The Ghost in Mr. Pepper's Bed Page 10
Zeb quickly scanned the diner to make sure no one else had heard or was likely to overhear Sonya’s comments.
“Mrs. Caruthers,” he said throwing a ten-dollar bill down by his half-finished plate and standing up, “would you please come with me outside. Let’s find another place to discuss your…um…findings.”
Sonya rose and followed Zeb out to his police car.
“This morning, Dale Smith called me. He was very excited to inform us about Poppy Turner and…” Zeb hesitated to continue as if he wasn’t sure of the ground he was standing on. “It’s not typical police procedure to conduct an investigation on this kind of information. You do understand, don’t you?”
Zeb was trying to be as considerate as possible, and Sonya recognized this. She nodded her head and said, “Of course, I understand, but it may save you some time.
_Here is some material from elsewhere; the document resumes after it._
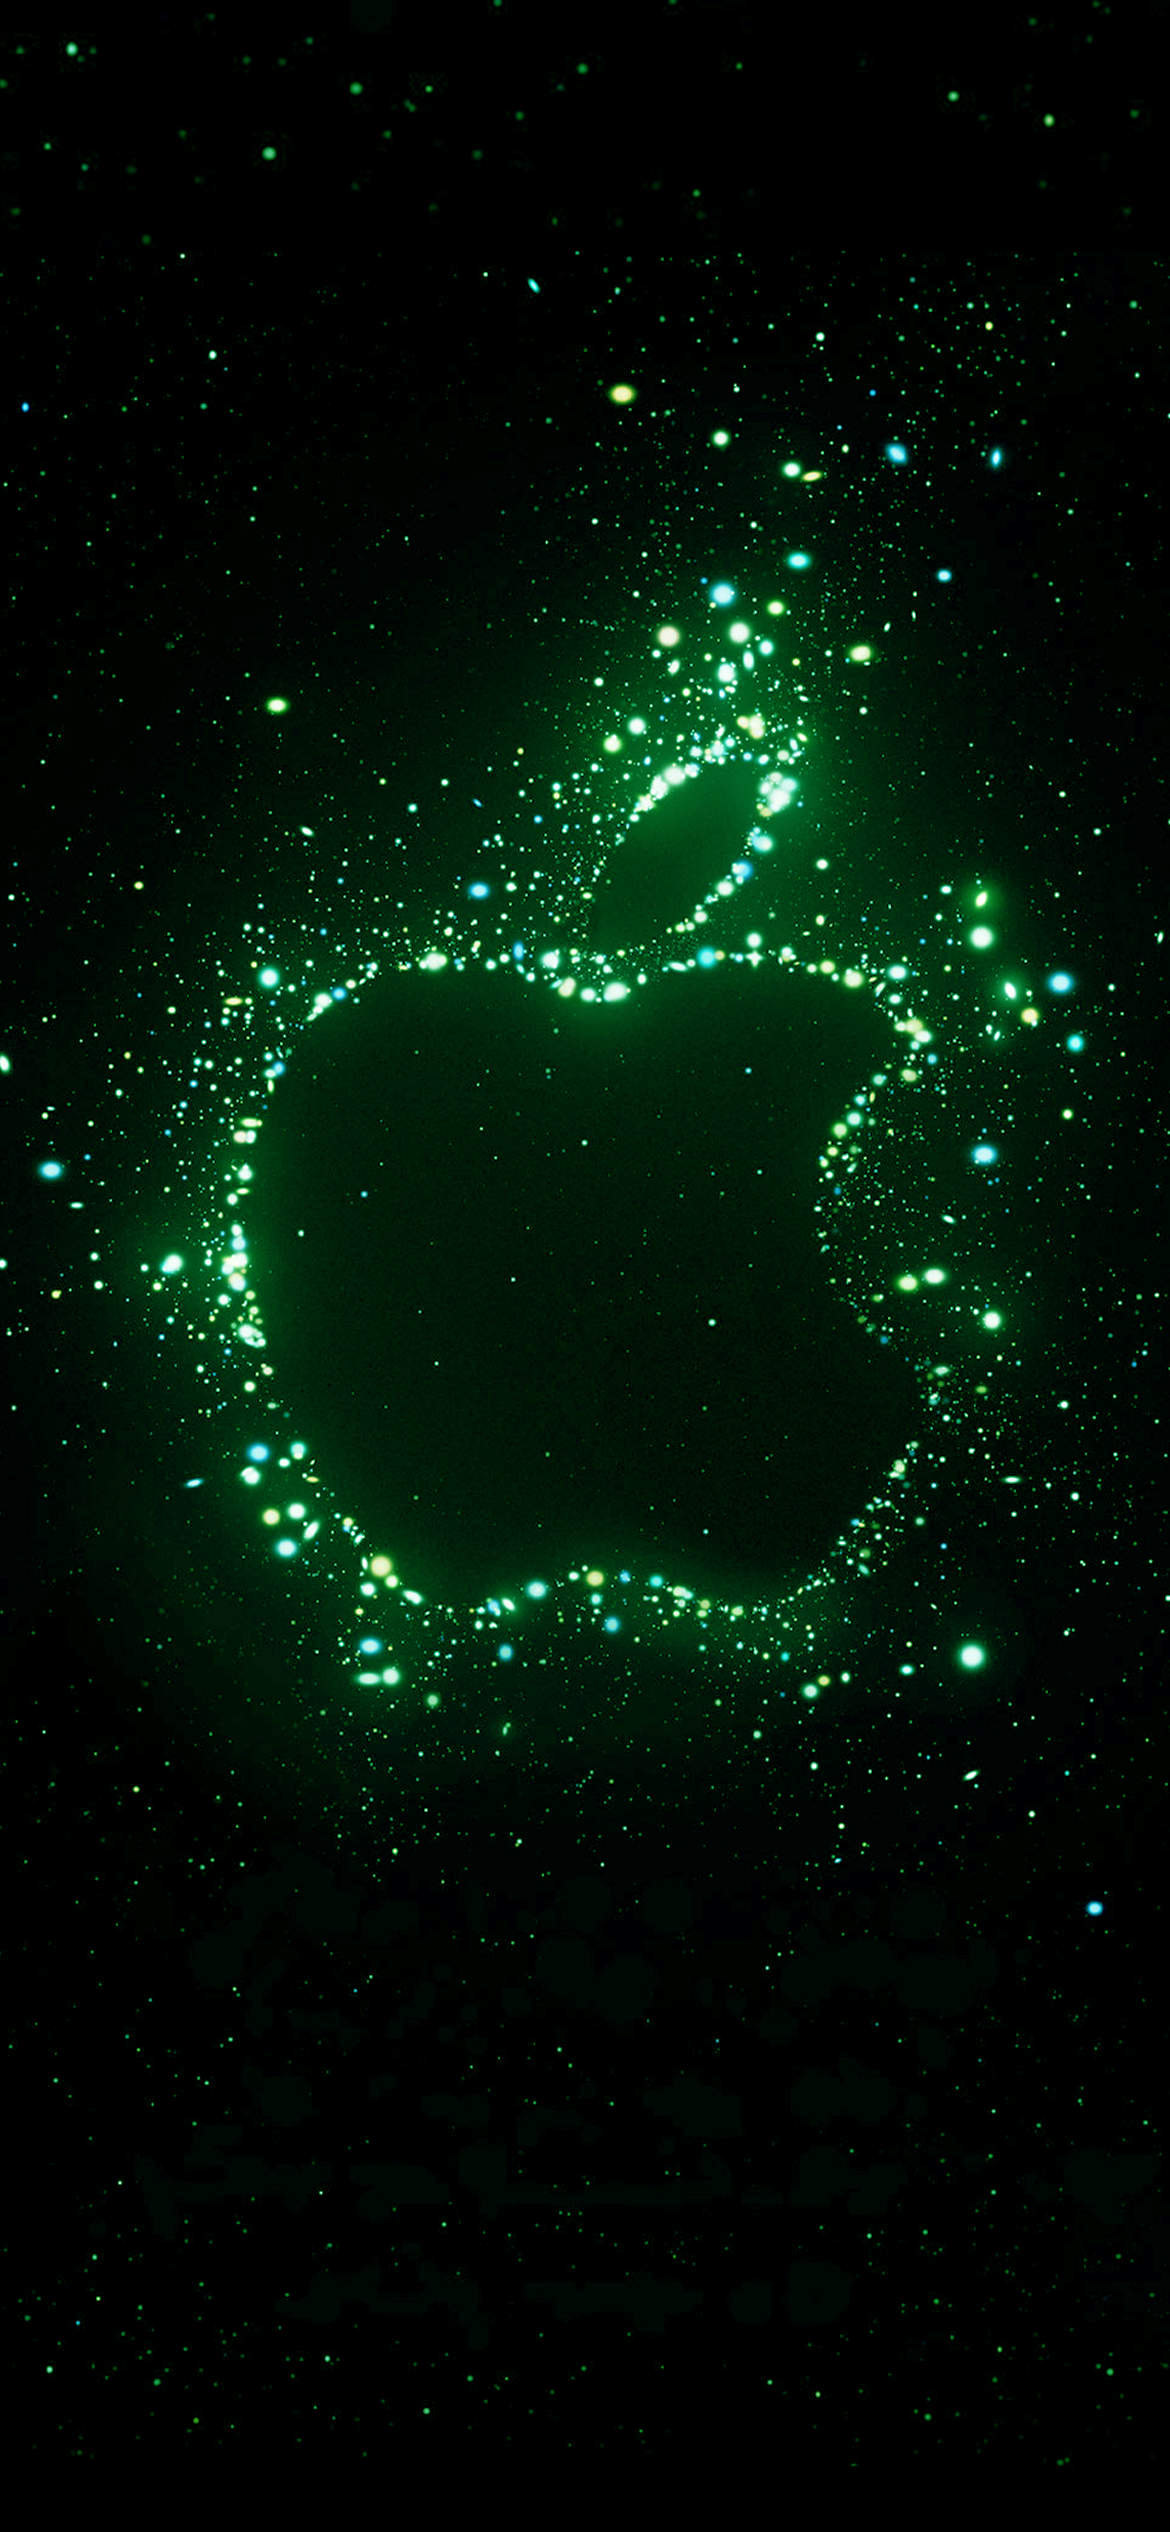 70,445 Green Apple Wallpaper Images, Stock Photos & Vectors | Shutterstock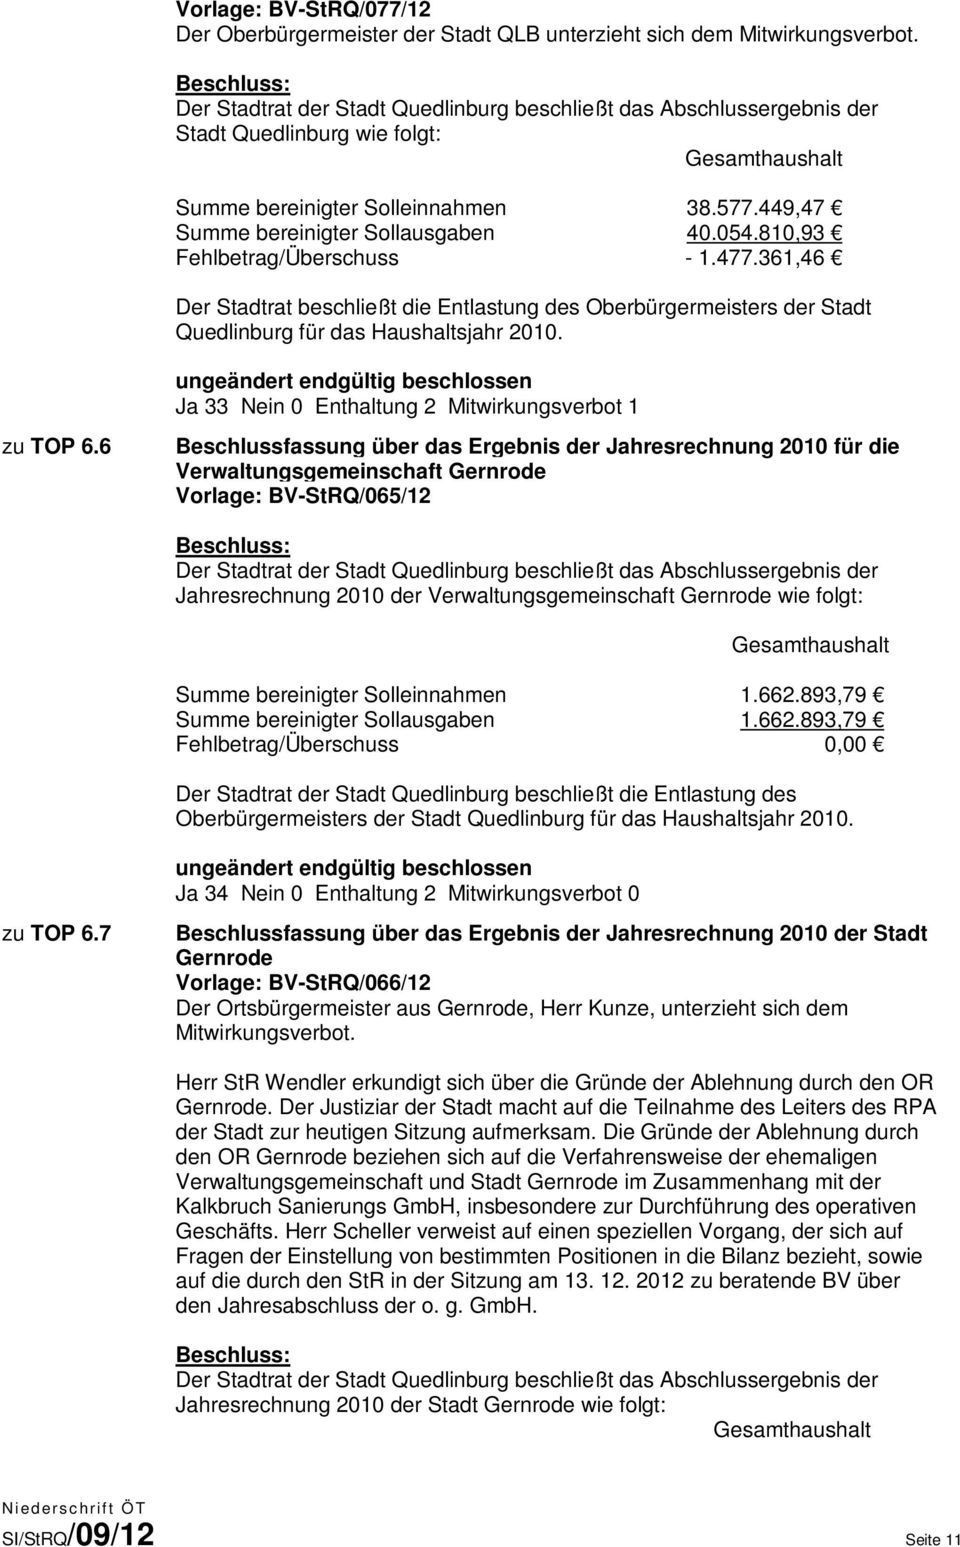 449,47 Summe bereinigter Sollausgaben 40.054.810,93 Fehlbetrag/Überschuss - 1.477.361,46 Der Stadtrat beschließt die Entlastung des Oberbürgermeisters der Stadt Quedlinburg für das Haushaltsjahr 2010.

Look, Sheriff, that’s not why I’m here. I wanted to know more about Ryan Houseman and the Turner treasure.”
“You’ve been listening to gossip, Mrs. Caruthers,” Zeb said with a knowing smile and a shake of his head. “I’d like you not to ask Ryan questions about Poppy and definitely don’t tell him you’ve been talking with his high school sweetheart’s ghost. He’s not exactly off our radar regarding this investigation and I don’t want you…setting things in motion.”
It was a habit of Sonya’s when she was asked to do something she didn’t agree with to pucker her mouth up and over to one side. She considered Zeb’s request. “Normally, I’d be happy to comply, Sheriff, but Poppy is an unhappy, lost soul, and she wants to see Ryan. It’s my job to help her. Also, she wants her body buried properly and her murderer, in my opinion, should be brought to justice. Isn’t there any way you can work with me on this?”
Zeb blinked a number of times more than necessary and took a deep breath before proceeding. Sonya knew this was new territory, and his body language was saying so.
“I tell you what, Mrs. Caruthers, you give me twenty-four hours, and I’ll,” he held up his index finger much like a teacher who’s about to make a point, “give you the go-ahead to talk whatever spiritual, ghost stuff you need to with Ryan Houseman. Okay?”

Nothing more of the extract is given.